Question

Biplot has a secondary x-axis and y-axis

0

Entering edit mode

yousavdj • 0

@9611120f

Last seen 5 months ago

United States

Hello all,

I'm pretty new to R and PCA analyses, and my datasets are normally too small for any meaningful statistics, but I need to conduct a PCA in R for a paper I'm writing. I'm using the pcaMethods package (method=ppca) because my dataset has a lot of non-random missing data and chatGPT told me this was the best package to use for that. I'm having trouble understanding how to evaluate the effectiveness of my PCA, however. I've found documentation of how to evaluate the amount of variance that's described by each component using a screeplot, but that doesn't seem to be compatible with pcaMethods. Any advice on how to visualize the effectiveness of the PCA I would appreciate (again, I'm a novice at both R and stats).

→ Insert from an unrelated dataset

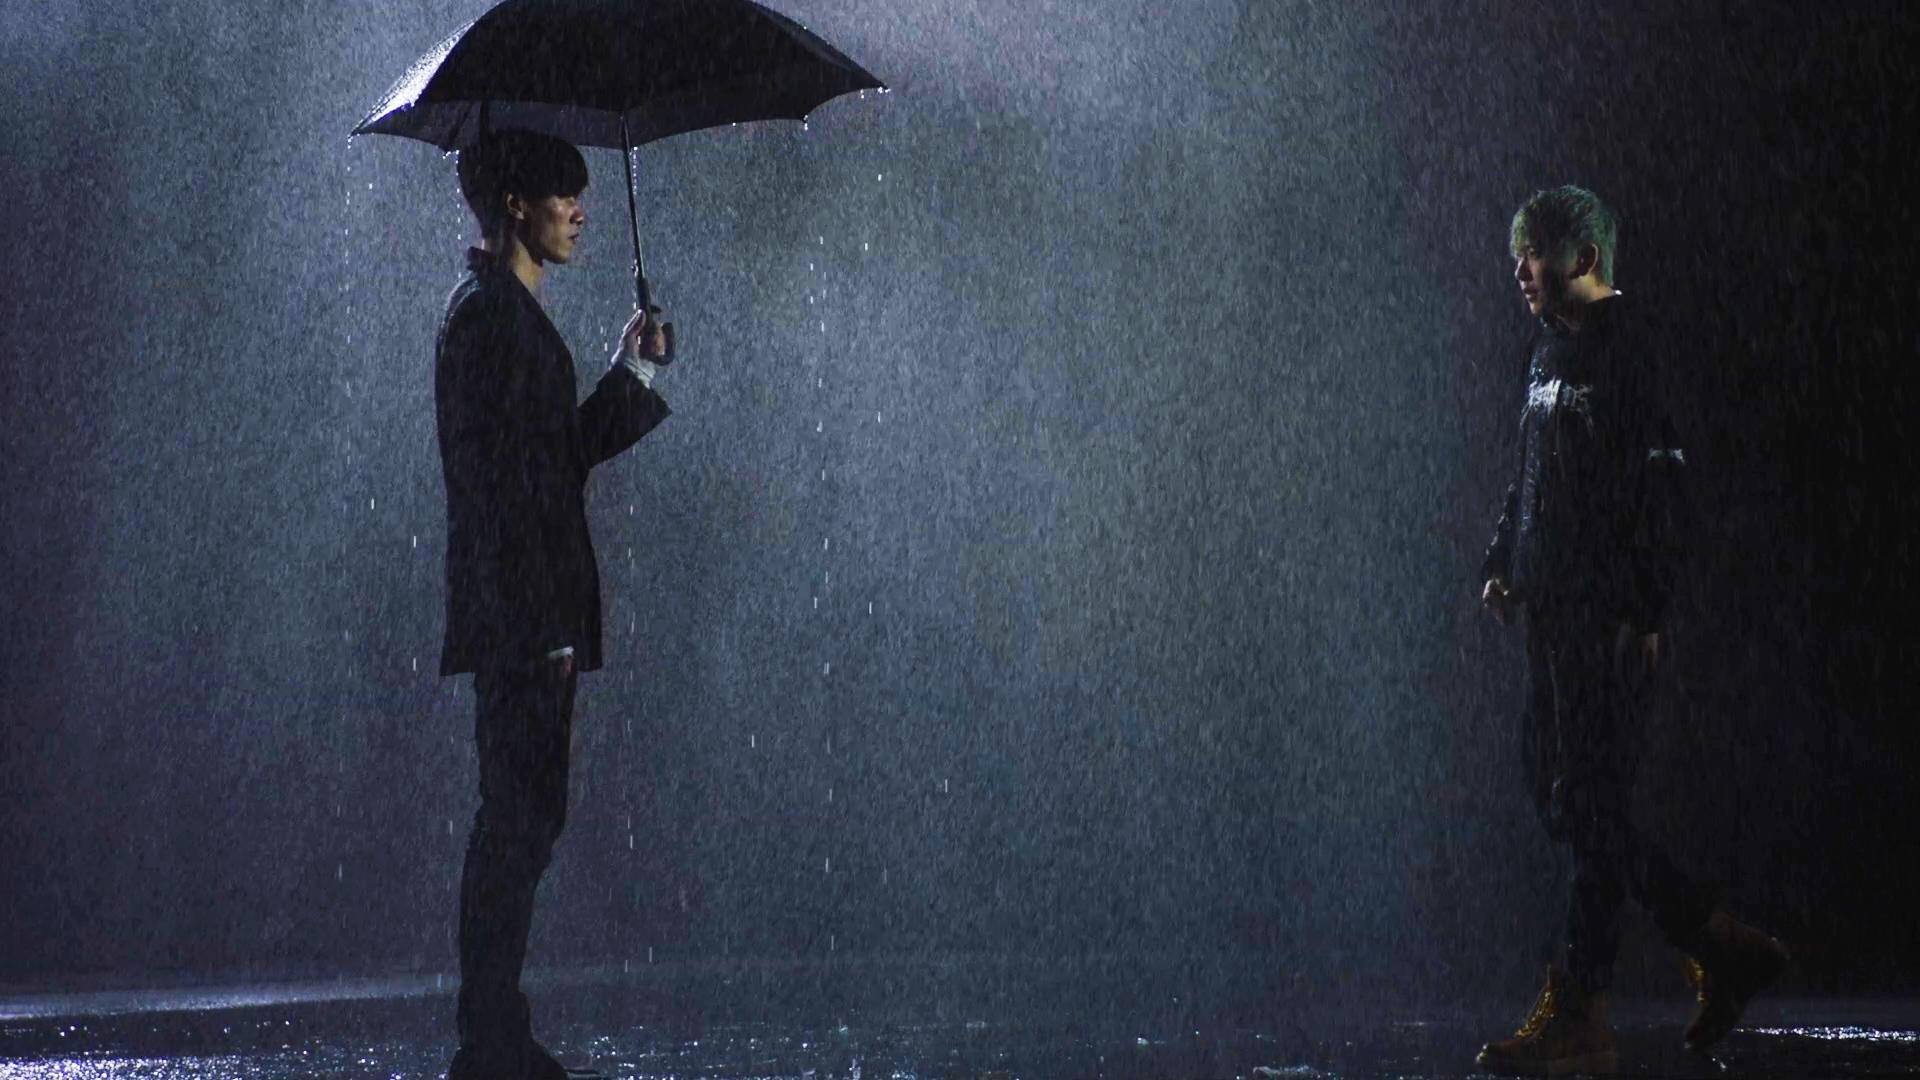 《骤雨 Trouble》MV陈骁张朋被雨狂浇两小时

But also, I have produced a biplot from my PCA and I'm confused why there are secondary x and y-axes that are in a different scale than my primary x and y-axis. I've included a picture below to illustrate. I've looked in a paper published under my advisor several years ago and the PCA performed there looks like a standard scatter plot with one x and one y axis. Any idea why mine is generating these secondary axes and can I get rid of them?

Thanks!

pca_result <- pca(data_matrix, method = "ppca", nPcs = 3)
biplot(pca_result, choices = c(1, 2), main = "Biplot of PC1 and PC2")

enter image description here

pcaMethods pca • 586 views

ADD COMMENT • link updated 5 months ago by James W. MacDonald 66k • written 5 months ago by yousavdj • 0

score 0 · Answer 1 · 2024-02-12

0

Entering edit mode

James W. MacDonald 66k

@james-w-macdonald-5106

Last seen 9 hours ago

United States

That's just a biplot, which is described in ?biplot. Do note that you are plotting two things there - the points and the arrows - so it makes sense to have an axis for each.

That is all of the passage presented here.